The Chamber has interest groups designed to provide targeted support, including the Asian Business Association (ABA), Black Business Association (BBA), and Business Owners Club. LCCI introduced a free B2B digital networking app in 2021. On the LCCI Community App, users can chat with peers, join sector and common interest groups, and see LCCI member product and service offers.

==History==
There have been various chambers of commerce in London over the years. John Weskett ran a London chamber from 1782 to 1800. A larger chamber ran in 1823 and 1824, with support from MP and Bank of England director William Haldimand. Several other short-lived attempts were made until the current chamber was founded in 1882.

The LCC was a supporter of calls for an Imperial Federation. In 1886, they funded a competition for the best essay "Formulating a Practical Working Plan of the Federation and the Mother Country." The prize was set at £50 and a size limit of 75 pages was set. 106 entries were received and judged by a panel consisting of James Anthony Froude, Rawson W. Rawson and John Robert Seeley.
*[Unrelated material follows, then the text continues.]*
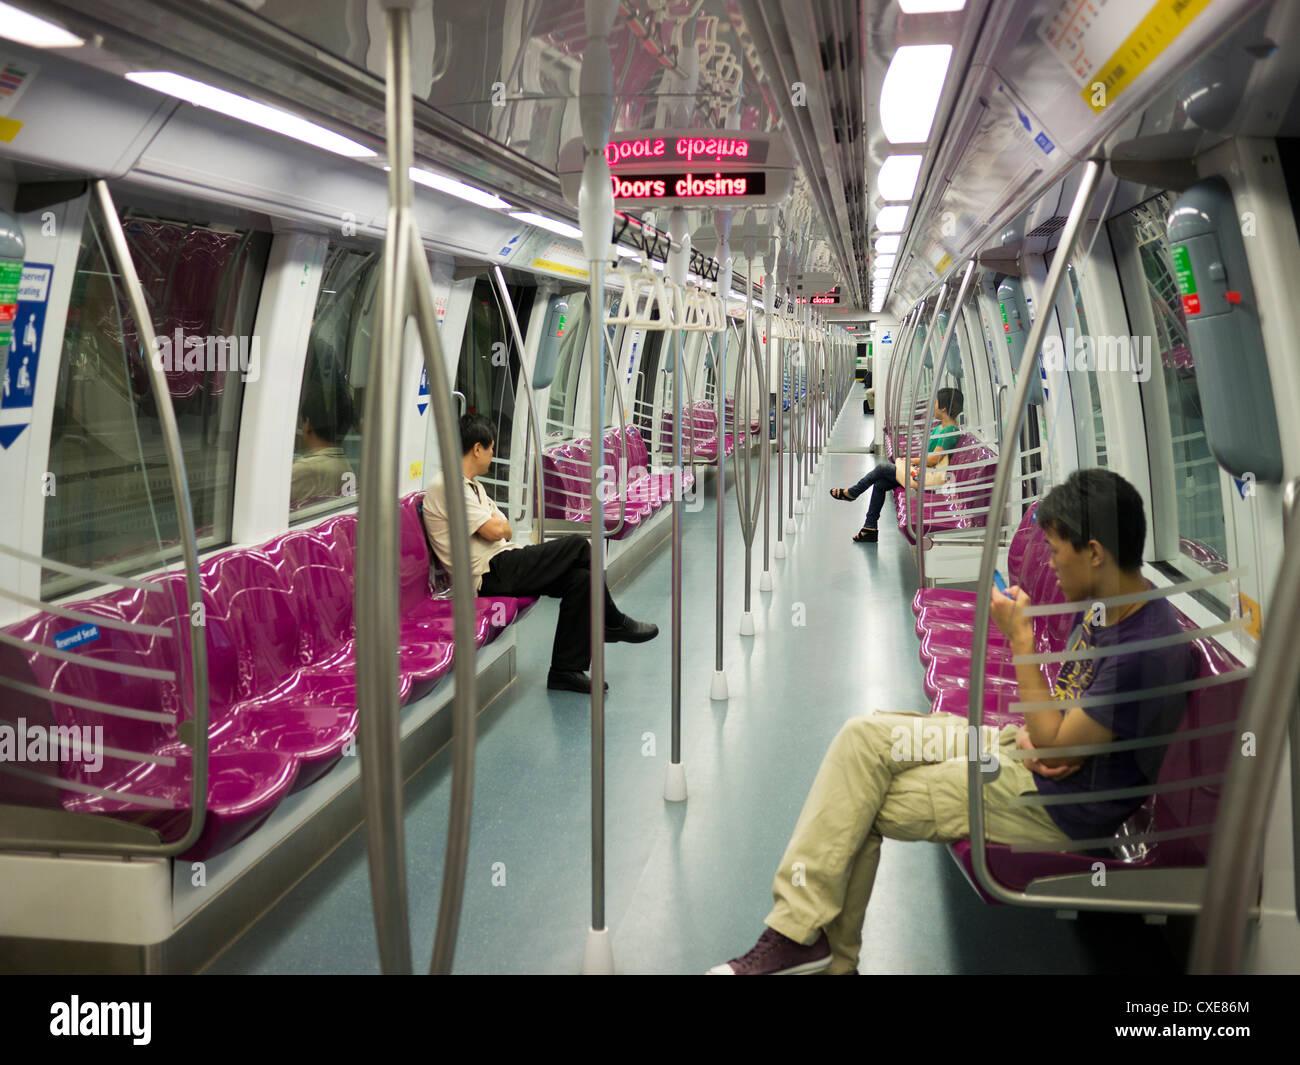 Mass Rapid Transit (MRT) Interior of carriage, Singapore - Stock Image

William Henry Parr Greswell, a former professor of classical studies at Cape University won. His essay, and those of four runners-up were published together.

In 1903, the LCCI established its first arbitration scheme for the resolution of commercial disputes, called the London Chamber of Arbitration. In 2020, this was reformed as the London Chamber of Arbitration and Mediation (LCAM).

In 2025, Michael Mainelli was appointed President of the London Chamber of Commerce and Industry.